Well first of all I’m in my first course of GPU programming and well I have some questions.
First I’ve been reading the “CUDA BY EXAMPLE BOOK” and for the vector addition I saw the author uses many blocks with many threads, for instance 128 blocks and 128 threads/block.
add <<<128, 128>>>(param1, param2, param3)
I have a MacBook Pro with a GeForce 320M graphics card and now, in the course the professor told me that this graphic card has:
6 multiprocessors and
48 cores (which means 8 cores per multiprocessor)

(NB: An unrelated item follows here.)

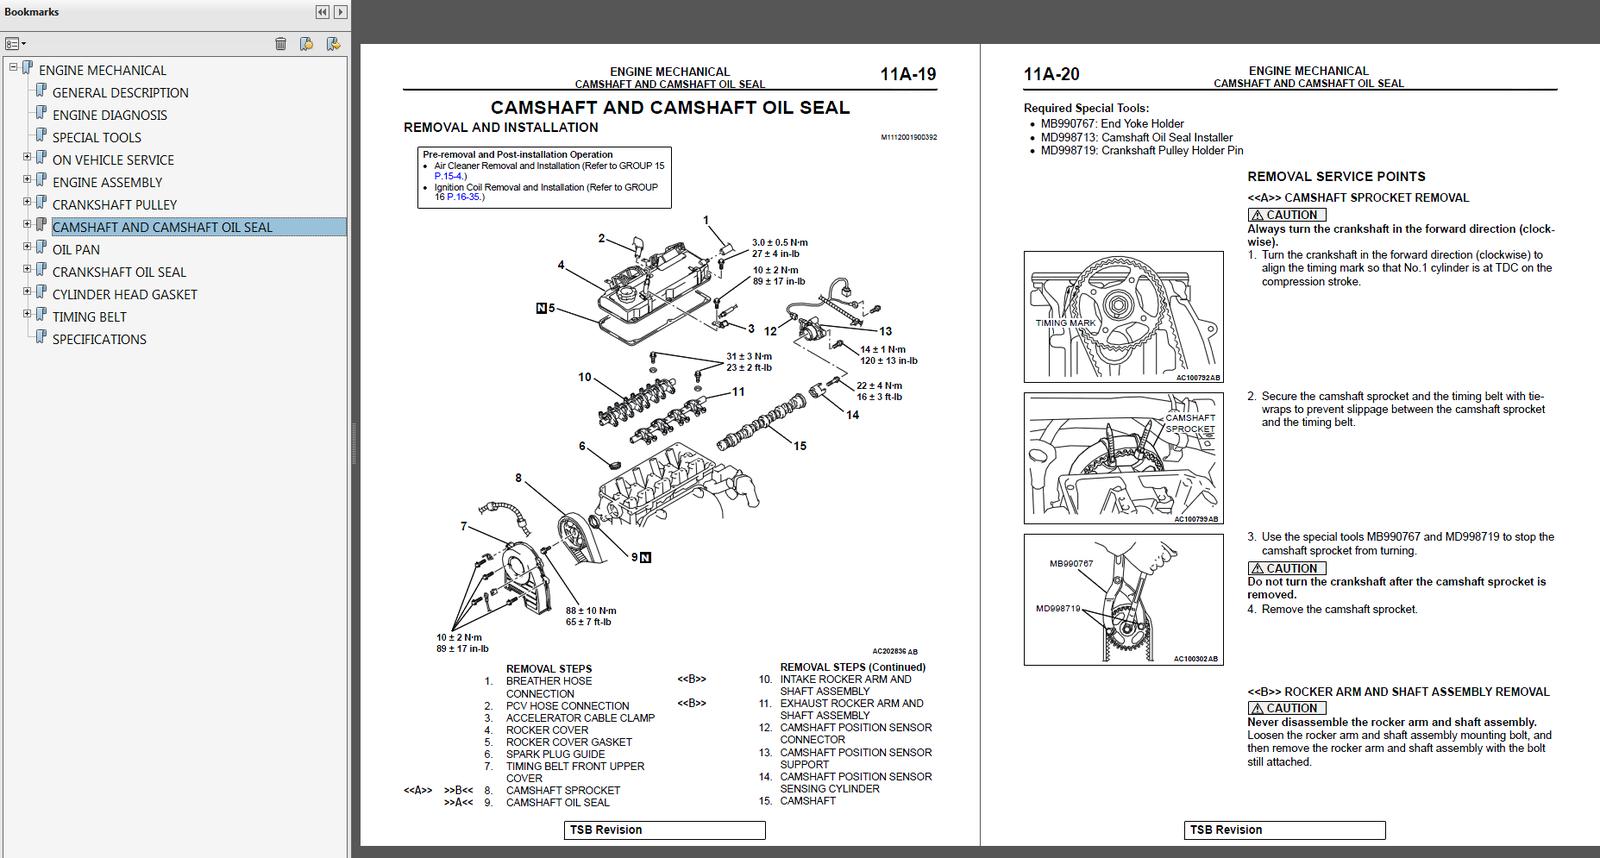 2002 2003 mitsubishi lancer factory repair and 50 similar items rh bonanza com 2002 mitsubishi lancer workshop manual 2002 mitsubishi lancer service manual free

Now when we run CUDA applications like vector addition he also told us that is better just to use 6 BLOCKS ( = #multiprocessors) and 8 THREADS ( = #cores/multiprocessor). This came from the idea that with this numbers I will be using (and exploiting) all the power of the GPU. This comes from the idea that each multiprocessor (in the GPU) has its own STREAMING-MULTIPROCESSOR which is the one that controls the data flow on the cores, and each SM manages just 8 cores at a time (at least in my grapic card).
add<<<6,8>>>(param1, param2, param3)
Having said all this stuff, my question is:
Â¿Why the author (of CUDA BY EXAMPLE) uses many blocks and many threads and my professor says that is better to use just what we have in the GPU?
Maybe I misunderstood something about the Streaming-multiprocessors or something, just need some explanations from more experienced people.